The bag-of-words approach tries to represent documents in a dataset directly using the words that appear in them. But often, these words are predicated on some underlying parameters are very among documents such as a topic being discussed. In this blog, we’ll begin with discussing this hidden or latent variables. Then, we’ll look at a specific technique used to estimate them called Latent Dirichlet Allocation. Finally, you’ll get to apply the knowledge you’ve learned to perform topic modeling on a collection of documents.
Bag of Words
Let’s start with a regular bag of words model. If you think about the Bag of Words model graphically, it represents the relationship between a set of document objects and a set of word objects. It’s very simple. Let’s say we’ve got an article like this one and we look at what words are in that article. We’ll assume that we do the correct stemming and text processing so that we only look at the important words. So this article has three words namely space, vote and explore. The word space appears twice, the word vote appears once and the word explore or it’s related words like exploration appears three times. To find the probabilities of each word appearing in the article, we divide by the total number of words and we get some probabilities. This gives us three parameters. Now to add some notation, we call documents d, our words or terms t and the parameters are precisely the probability of a word appearing in the documents, so that is P of t given d. Specifically this parameter say, p(t|d) for any given document d and observed term t. How likely is it that the document d generated the term t? So now we do this for a bunch of documents and a bunch of words. We draw all these probabilities. And let’s have a quiz Let’s say we have 500 documents and 1000 unique words How many parameters are in this model?

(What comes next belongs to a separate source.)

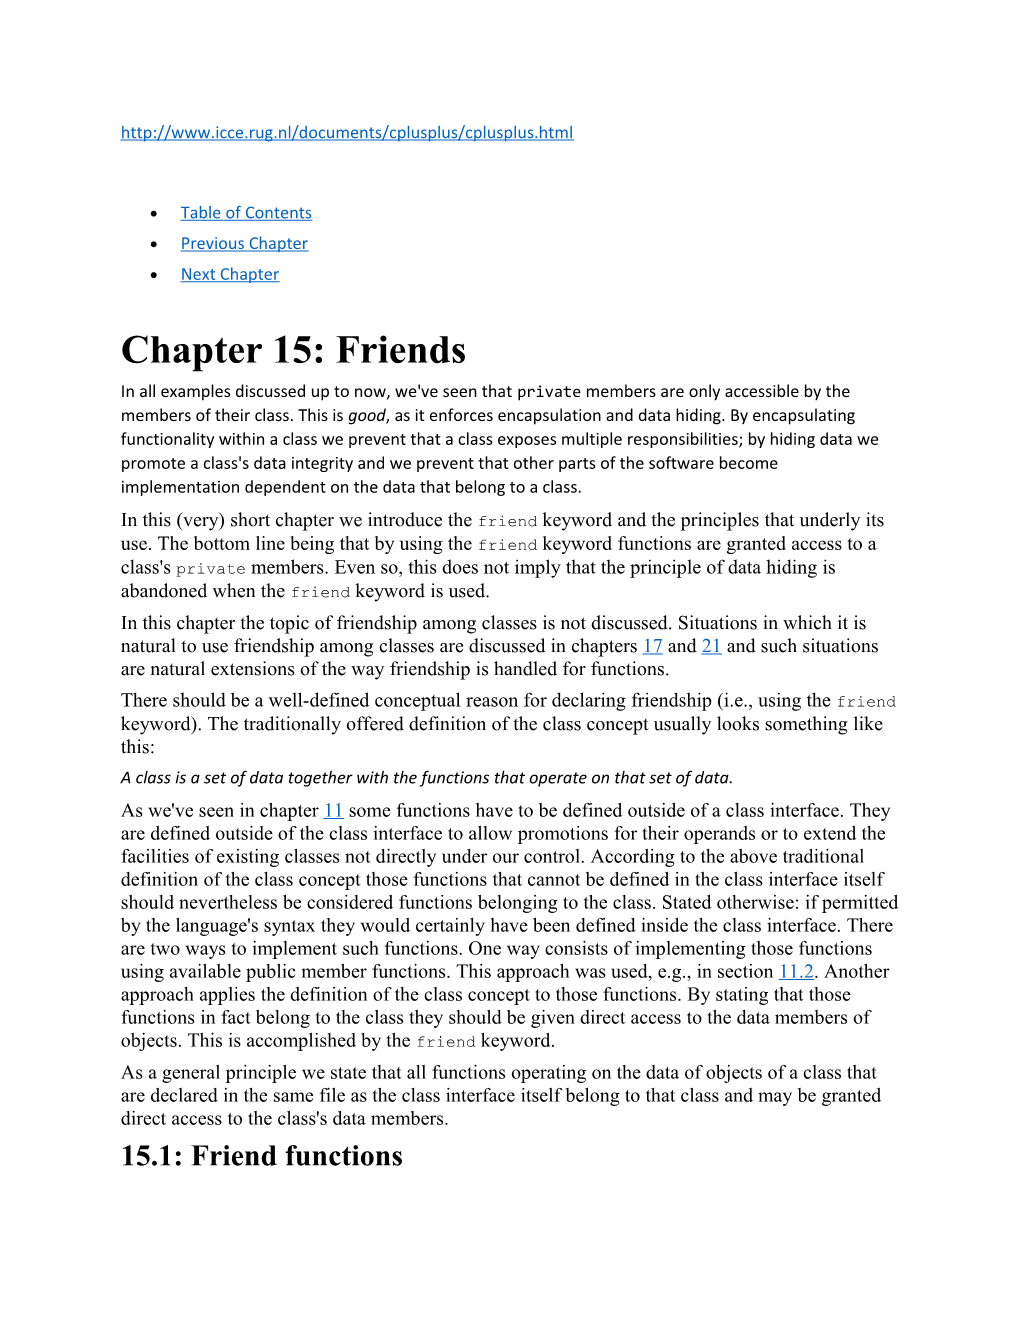 Chapter 15: Friends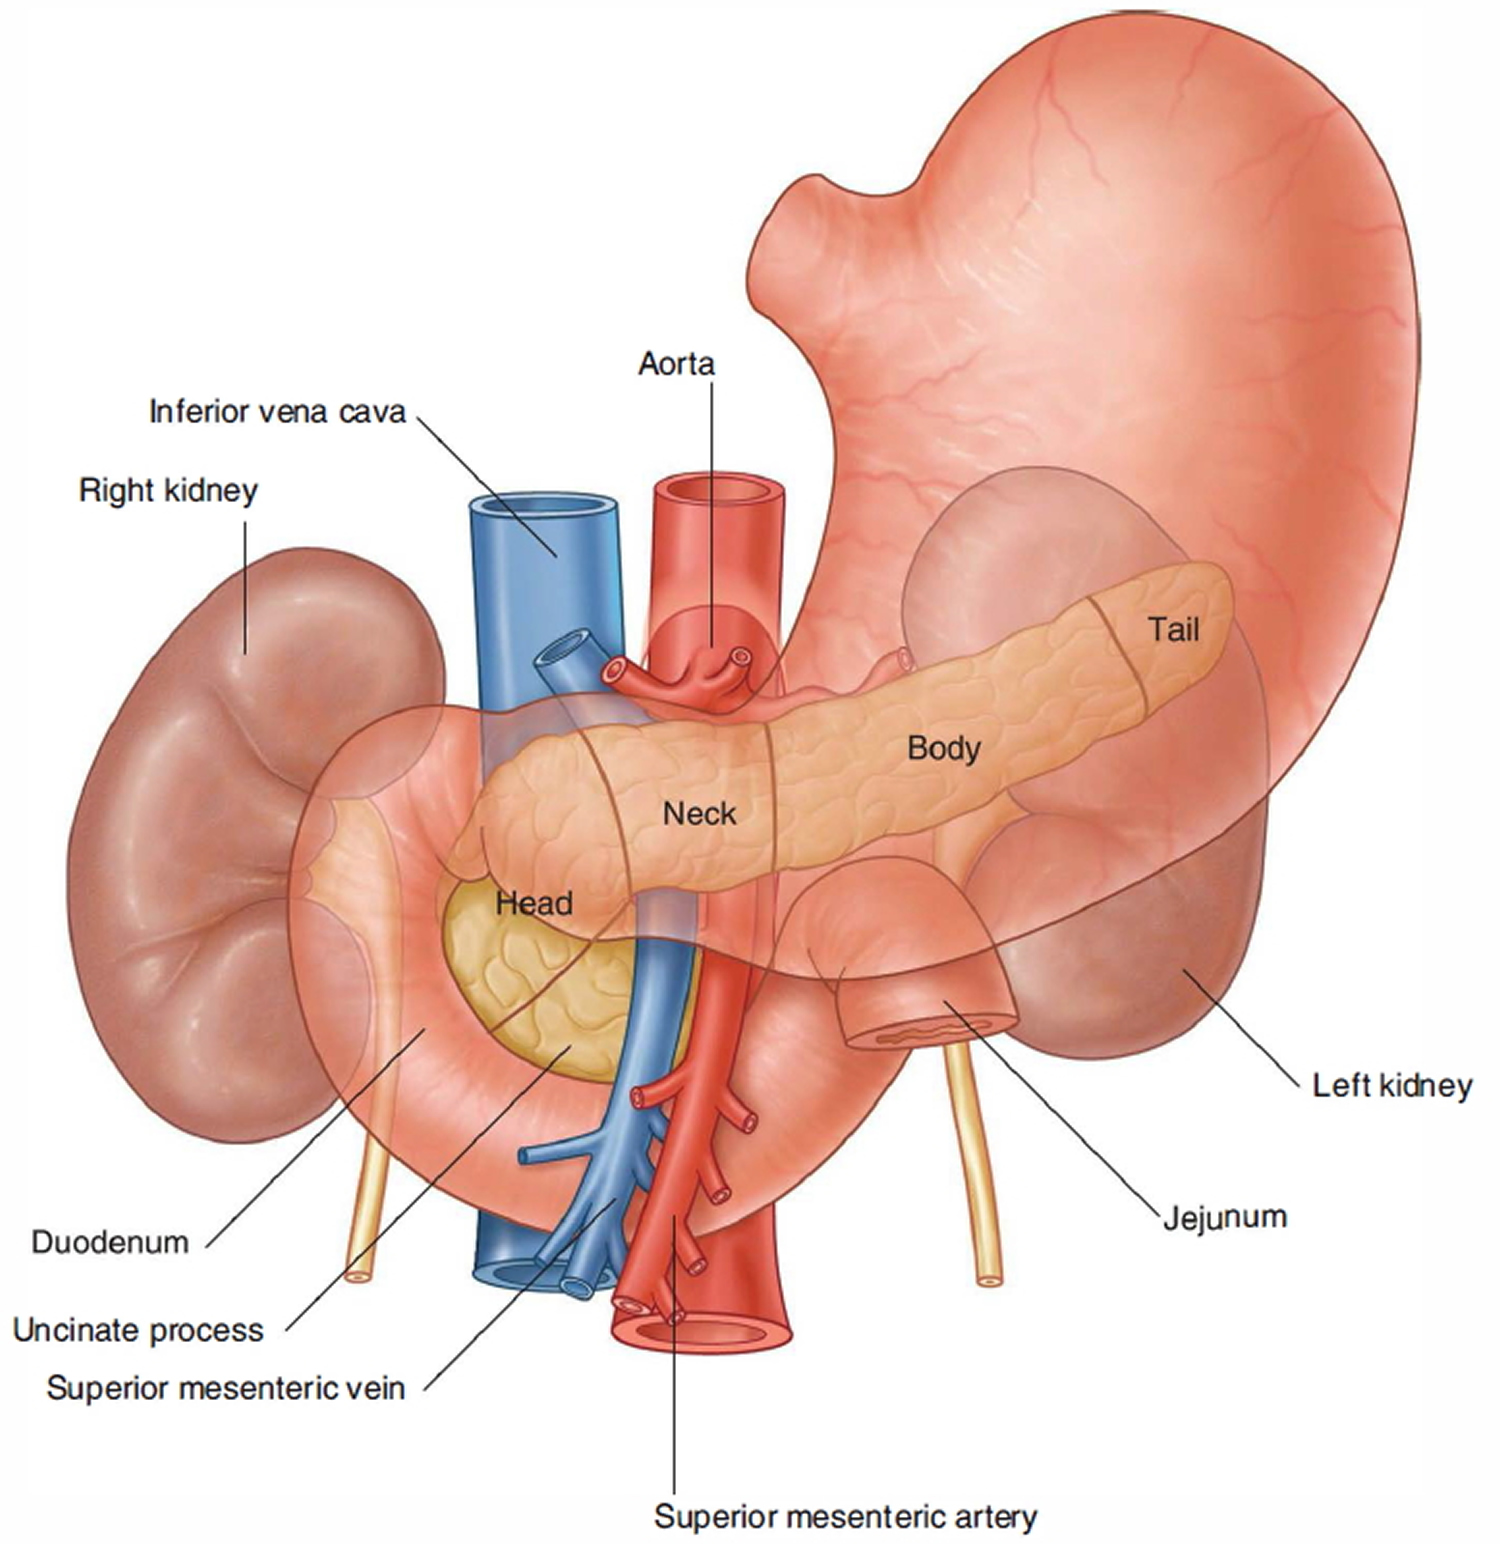 Pancreas Location, Anatomy and Function in Digestion

Well, the answer is, we need one arrow for each pair document word. Since we have 500 documents and 1,000 words, the number of parameters is the number of documents times the number of words. This is 500 times 1,000, which is 500,000. This is too many parameters to figure out. Is there any way we can reduce this number and still keep most of the information? The answer is yes. We can reduce the number of parameters and still catch most of the information. We’ll do this by adding to the model the notion of a small set of topics or latent variables that actually drive the generation of words in each document. So, in this model, any document is considered to have an underlying mixture of topics associated with it. Similarly, a topic is considered to be a mixture of terms that is likely to generate. In here, we have say three topics: Science, politics, and sports. So now, there are two sets of parameters of probability distributions that we need to compute. The probability of a topic given a document d or P(z/d) and the probability of a term P given a topic z, or P(t/z). Our new probability of a document given a term can be expressed as a sum over the two previous probabilities.
So, it’s time for another quiz. If we have 500 documents, 10 topics and 1,000 words, how many parameters does this new model have?
well, let’s see. The first part has 500 times 10 parameters, which is 5,000. The second part has 10 times 1,000, which is 10,000. So, together, they have 15,000 parameters. This is much better than 500,000. This is called Latent Dirichlet Allocation or LDA for short.
An LDA is an example of matrix factorization. We’ll see how. The idea is the following: we go from this Bag of Words model in the left to the LDA model in the right.
The Bag of Words model in the left basically says our probability of, say, the word tax being generated by the second document is the label of this arrow. On the LDA model in the right, that probability is calculated by these arrows by multiplying the P of t given z on the top by the corresponding P of z given d on the bottom and adding them. This formula reminds us a bit of matrix multiplication in the following way. We can put all the probabilities in the left model on a big matrix, then the idea is to write this big bag of words matrix as a product of a tall skinny matrix indexed by documents and topics with a wide flat matrix indexed by topics and terms. In this case, the entry corresponding to say the second document and the term “tax” in the Bag of Words matrix will be equal to the inner product of the corresponding row and column in the matrices on the right. And as before, if the matrices are big, say if we have 500 documents, 10 topics and 1,000 terms, the Bag of Words matrix has 500,000 entries, whereas the two matrices in the topic model combined have 15,000 entries. But aside from being much simpler, the LDA model has a huge advantage that it gives us a bunch of topics that we can divide the documents on. In here we’re calling them science, politics, and sports, but in real life, the algorithm will just throw some topics and it’ll be up to us to look at the associated words and decide what is the common topic of all these words. We’ll keep them as science, politics, and sports for clarity, but think of them as topic 1, topic 2, and topic 3.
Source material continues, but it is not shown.